現代病草紙−皮膚科の診療室より−



自然化粧品っていいですよね?


「自然化粧品」、残念ながら私にはその意味がよく理解できません。

そもそも「自然」とは一体何を意味しているのでしょうか。


 世間では、その化粧品が自然に存在する植物から出来ているから「自然化粧品」

であり、だから良いと言っているようです。しかし植物のなかの「うるし」や

「さくら草」はとてもかぶれやすいものです。それを考えれば、植物から

化粧品を作ることは、逆に危険を伴うことになってしまいませんか?


 また、「石油製品」を使っていないからとてもよい化粧品ですというもっとも

らしい話もよく聞きます。しかし、石油は大昔の植物が長い間に変化・変性

したものです。今の合成化学では、石油からピュアな物質を容易に、しかも

安価に採取できます。それに引換え新鮮な植物からピュアなものを採取する

ことは極めて難しく、ほとんど不可能に近いのです。もし可能だとしても大変

な作業となり、非常に高価なものになることは火を見るより明らかです。

何故なら生きている植物は、必要かつ複雑な多くの成分から構成されて

いるからです。そうしてみると、石油製品を全く使用しないという

自然化粧品とは一体何なのでしょう?


 さらに「無添加」だからよいという立場の化粧品もあります。
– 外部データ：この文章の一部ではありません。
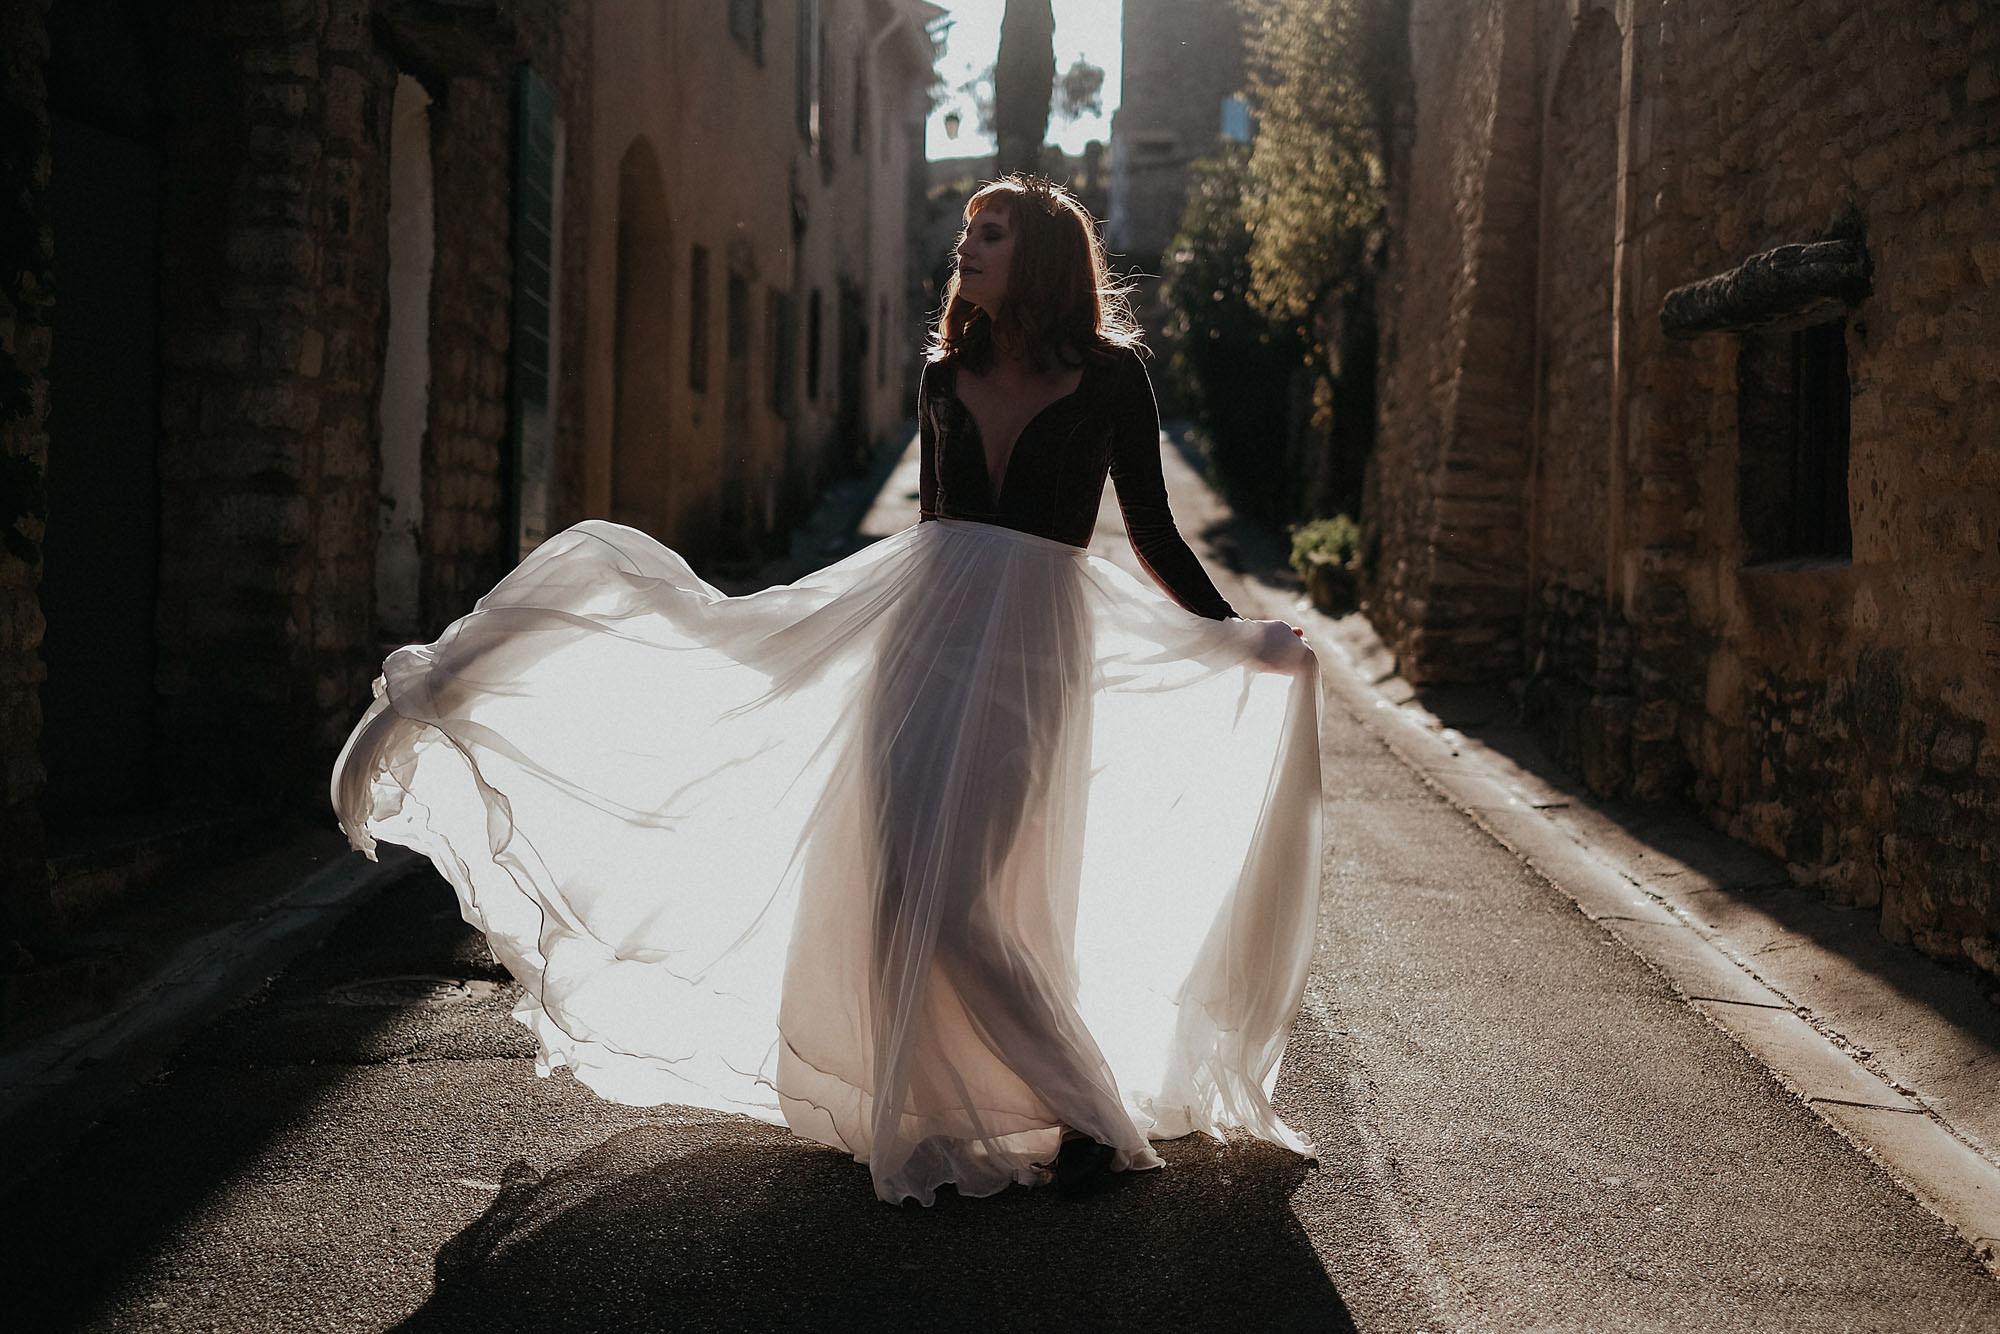 goult provence france elopement vow renewal bride photo

理屈から

言えば、なにも入っていなければただの基剤でしかありません。保湿成分の

一つでも入っていれば、それは「添加」です。化粧品にとって、保湿成分や

紫外線をカットする成分は重要です。無添加ならそれも入っていないと

考えるのが当然。一体何が具体的に無添加なのでしょうか?

 そして「防腐剤」が入っていないからよいという化粧品もあります。

ほとんどの化粧品はパラベンなどの防腐剤が入っていますが、その防腐

剤でかぶれる人は一体どれくらいの頻度で存在するのでしょうか。

経験的に言えば極めて少ないように思われます。むしろ防腐剤が入って

いないために変性し、別の悪影響を与える方が問題ではないかと、私は

危惧しています。


 私たちのまわりには実に多くのもっともらしい言葉や用語が氾濫

しています。とくに化粧品ではその傾向が顕著です。自然、無添加、

無防腐剤、コラーゲン等々。コラーゲン添加化粧品は、テレビの

コマーシャルなどの影響で今や高級化粧品として認知されつつあります。

この全く意味のない物質に関しては以前述べました(平成12年2月号)。

コラーゲンは人を含めた多くの動物の真皮などに存在するごくありふれた

成分です。純粋だと宣伝しているコラーゲンは、ひょっとしたら豚などの

皮膚から採取したものかもしれません。さらに専門的には、真皮の部位に

よって様々なタイプのコラーゲンの存在が確認されています。一体何を

もって純粋というのでしょうか。


 たかが化粧品、と侮らないで下さい。曖昧な、場合によってはウソに

近い情報に踊らされやすい私たちです。まず、コラーゲンなどの難しい

用語や、自然、無添加などという安易な言葉に注意しなければなりません。

皮膚科医は、化粧品のなかに含まれているかぶれやすい物質を今まで

注意深く調べてきました。そして特に色素や香料にその原因であることを

つきとめました。化粧品の大手メーカーほどそうした事実に敏感に反応し、

いち早くかぶれやすい物質を化粧品から除去する努力をしています。

ですから日本の一流化粧品はとても優秀だといえます。例えば口紅の

真っ赤な色素はかぶれやすいため、外国製品に比べて日本の口紅の色は

地味になっているのです。


 結局、化粧品会社の良心や誠意と、化粧品を使う消費者の冷静な、

そして客観的な対応を祈るばかりです。